→ Extracted information:
--- --- ---
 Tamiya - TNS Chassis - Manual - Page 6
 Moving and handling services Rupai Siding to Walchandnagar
--- --- ---
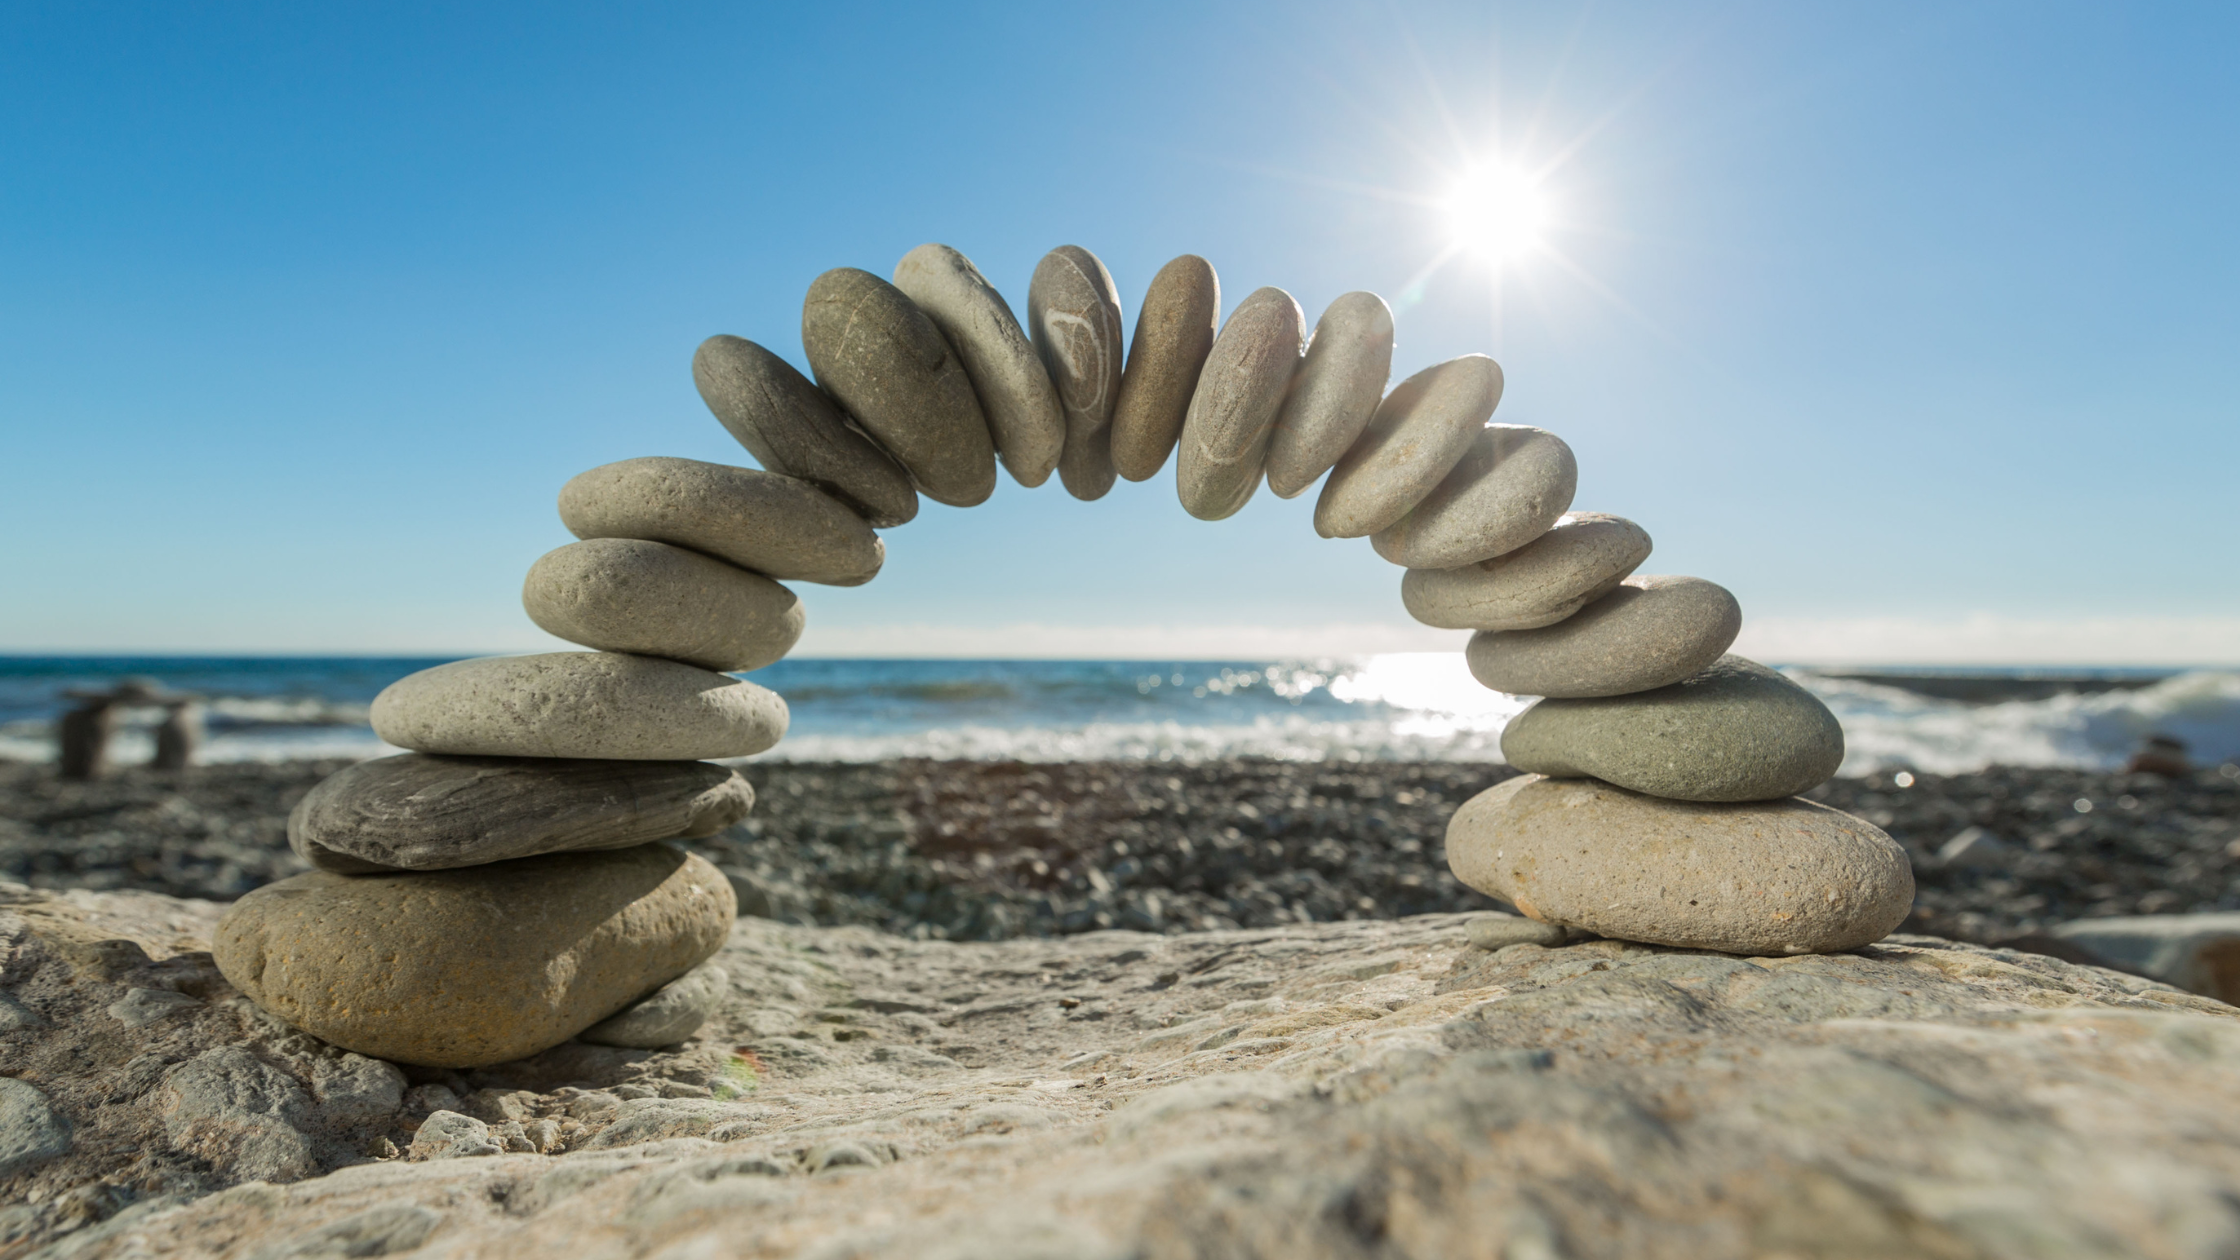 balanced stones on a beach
--- --- ---
→ Task to complete:
Please give back exactly the lines of this listing beginning at the line with "Tamiya - TNS Chassis - Manual - Page 6" and ending with the line with "Moving and handling", both included, and nothing else.

→ Response:
 Tamiya - TNS Chassis - Manual - Page 6
 Moving and handling services Rupai Siding to Walchandnagar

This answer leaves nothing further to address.